Thinking of home

A couple of days ago, my sister asked me when I’d be going back to Nigeria. Would I go next year? Because I want to accrue vacation time, I’ll probably have to wait until 2011. There is the possibility of taking time off without pay, but I still don’t know if my employer looks kindly on that, and I’d like another colleague to do it before I do.

From that question, we started talking about how things have changed from last November when we had just returned from Nigeria. I remember how homesick we were for Nigeria. Although we had been in Nigeria for less than a month, and although prior to this last visit I hadn’t been there for almost 15 years, it was like I had always lived there and I was getting used to the routines of the day: the NEPA shortages, getting water from the well, and sweating the day away. I loved seeing family members every day, and walking over to visit our cousins.

When we returned to Canada, we called our cousins and they called us every few days. We would play “remember when?” all the time, remembering the things we did, the people who touched our hearts, the close calls we had, and things like the crazy rainstorm that destroyed many houses in my grandmother‘s neighbourhood. We’d imitate the mannerisms of family members and laugh remembering them, or get angry remembering some injustices too.

We blasted Naija music from morning till night, and gushed to our brothers about how much they missed and how they have to go with us next time. We discussed potential businesses we could start should we decide to live in Nigeria in the future. We had trouble adjusting to our current timezone, waking up early no matter how late it was when we went to bed. If someone had told us we had to return to Nigeria immediately, we would have done so in a heartbeat. It was a good time.

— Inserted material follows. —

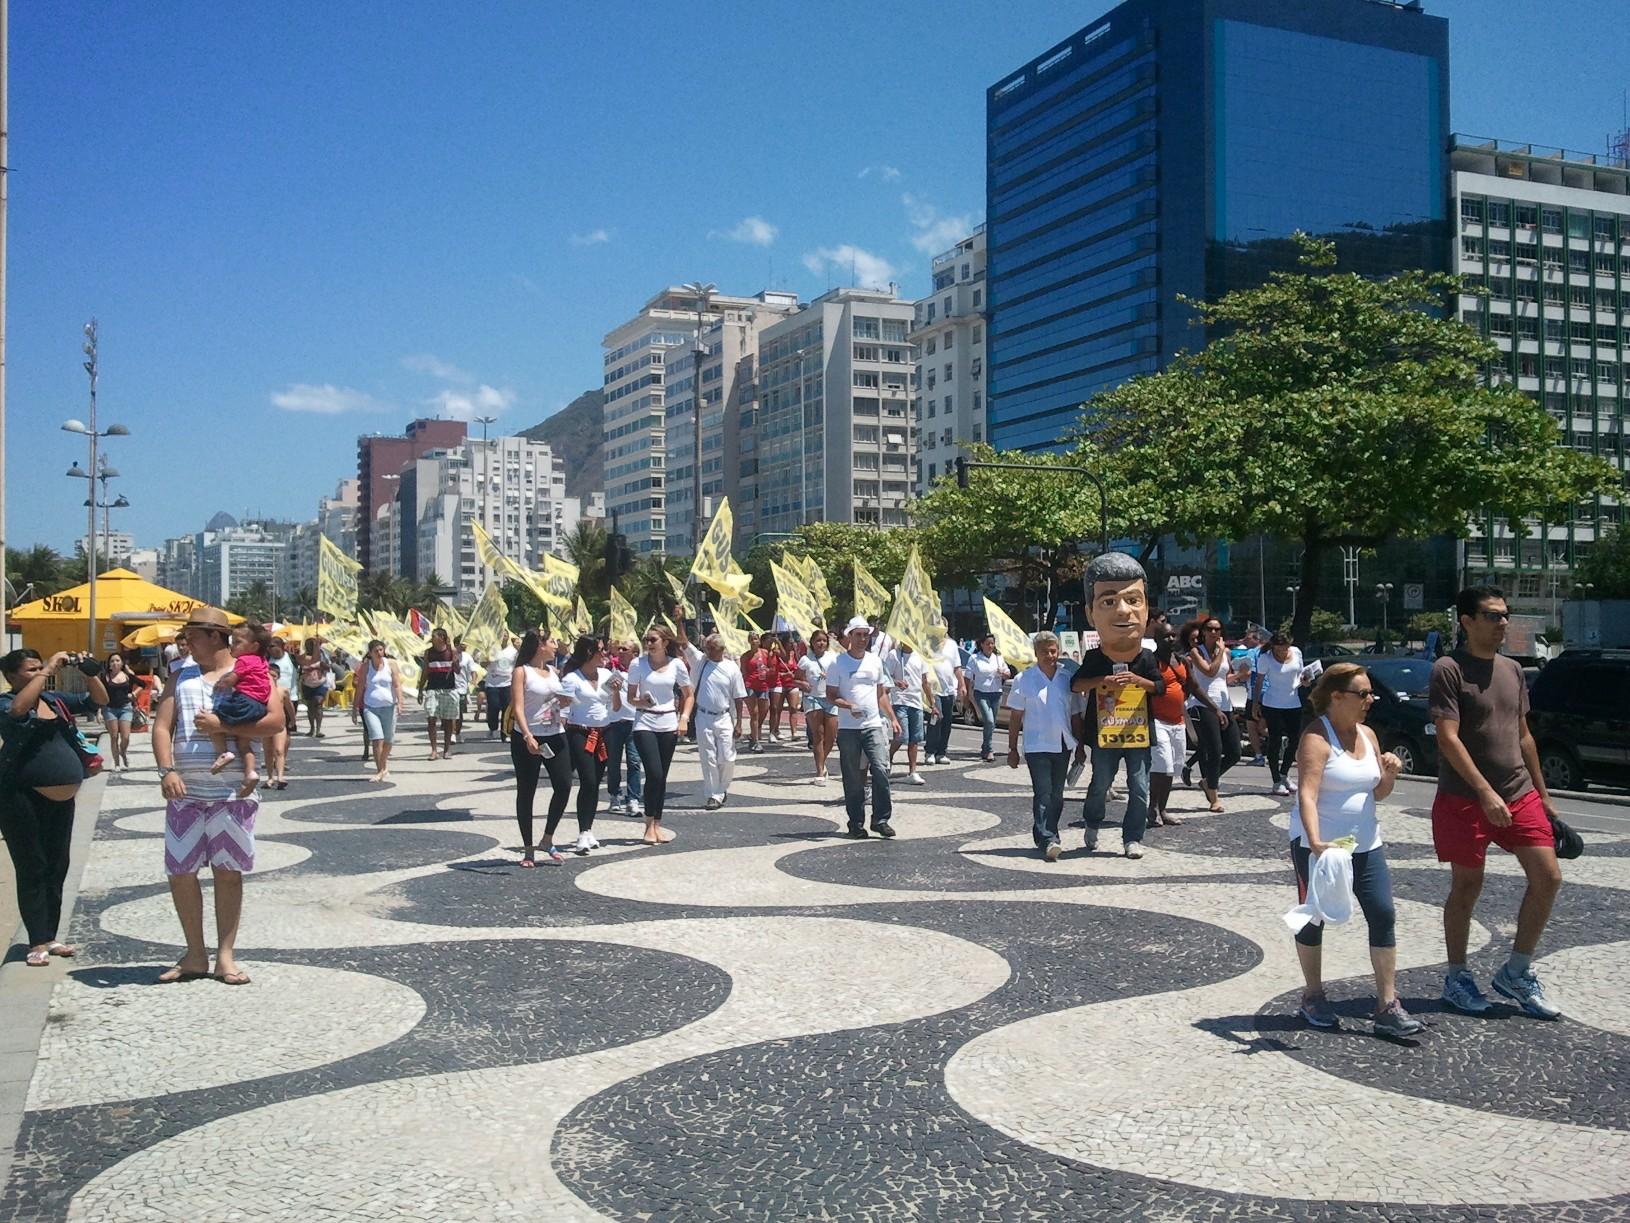 Un dimanche à Copacabana

But now, our memories of Nigeria are quieter, though they are not forgotten. They come up less frequently, and our calls to family members are less frequent also. This is due to our distance from Nigeria and our proximity to the reality of where we are right now. I know I have to go back to sharing stories of the people and incidents that happened before I really do start forgetting them.

Anyway, I guess this was a semi-homesick post. I think I’ll call my grandmother this evening.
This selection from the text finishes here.